═══ Information provided

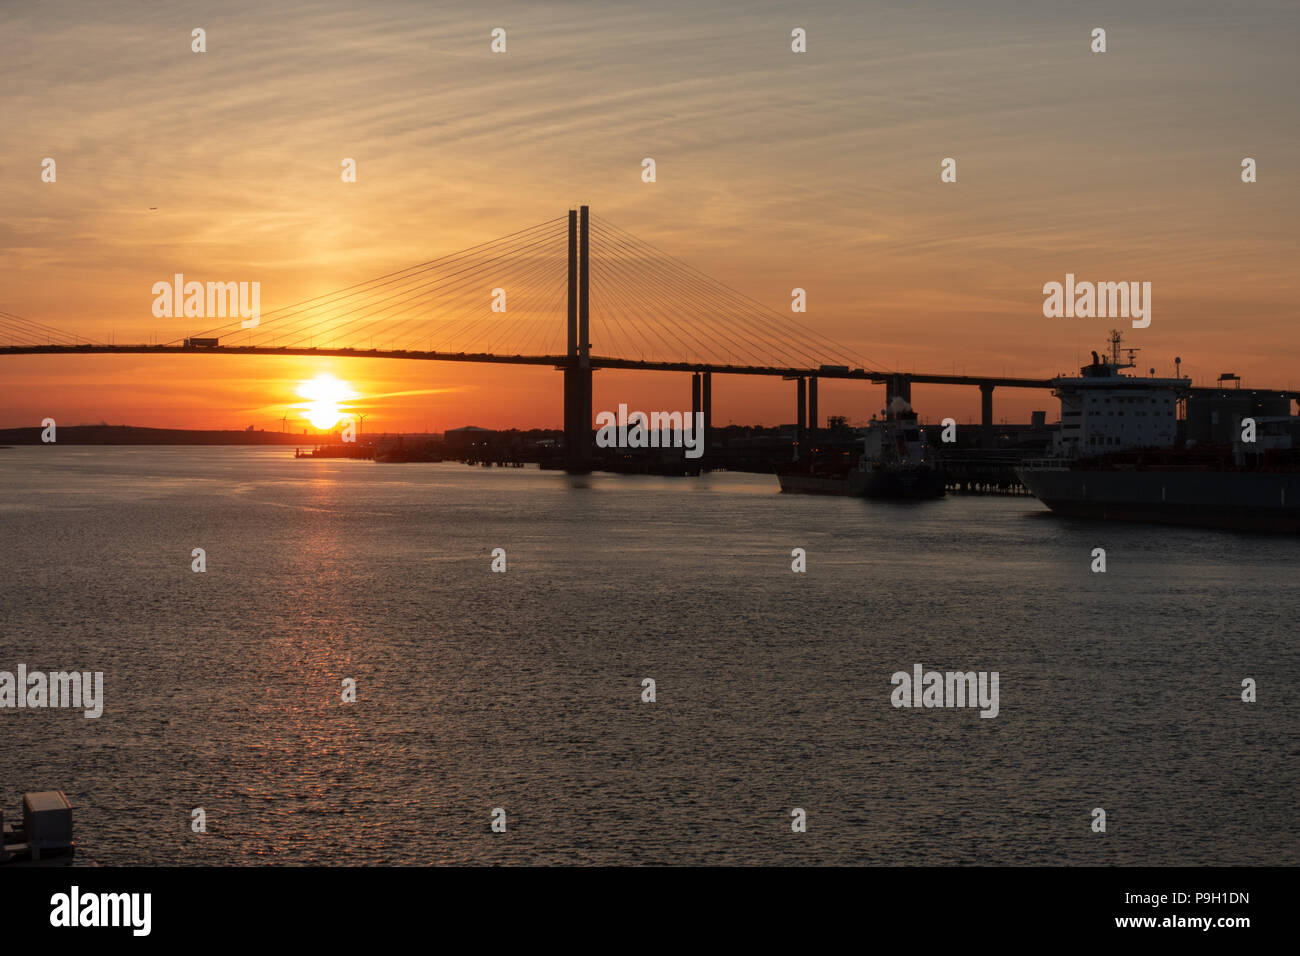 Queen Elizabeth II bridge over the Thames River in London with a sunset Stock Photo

══════
═══ Information provided

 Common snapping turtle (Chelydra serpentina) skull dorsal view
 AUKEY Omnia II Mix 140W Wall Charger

══════
═══ Information provided

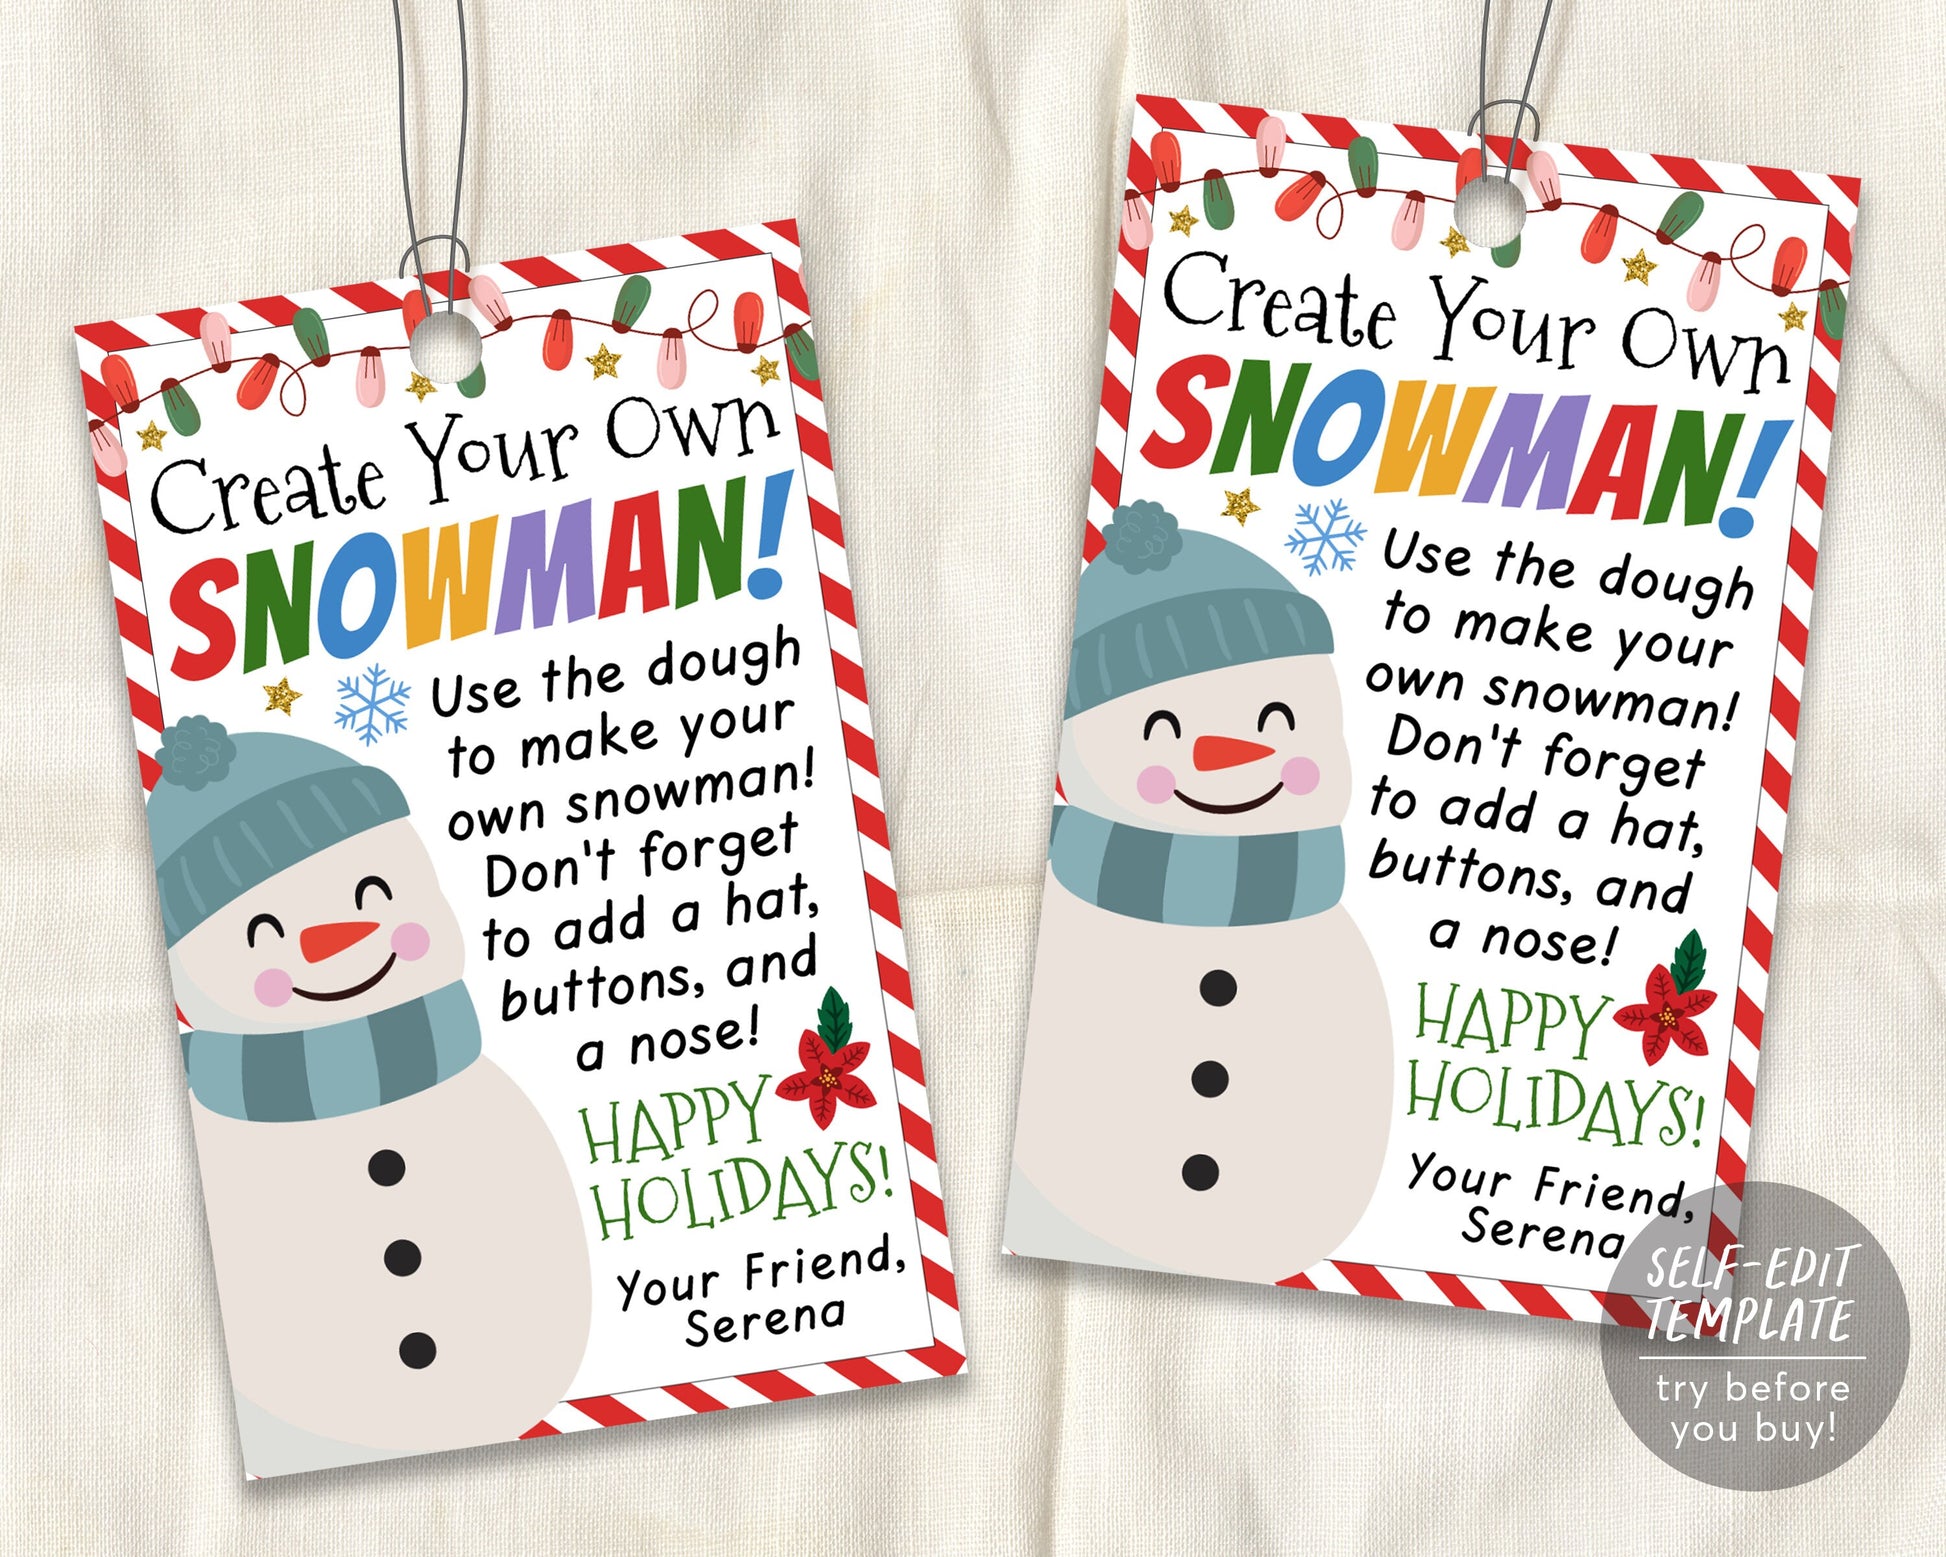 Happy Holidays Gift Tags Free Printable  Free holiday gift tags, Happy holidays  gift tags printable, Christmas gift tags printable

══════

What is expected
Using the records above, restate word for word the lines from the one with "Common snapping turtle" through the one with "AUKEY Omnia II Mix 140W Wall Charger", both included.

Task output
 Common snapping turtle (Chelydra serpentina) skull dorsal view
 AUKEY Omnia II Mix 140W Wall Charger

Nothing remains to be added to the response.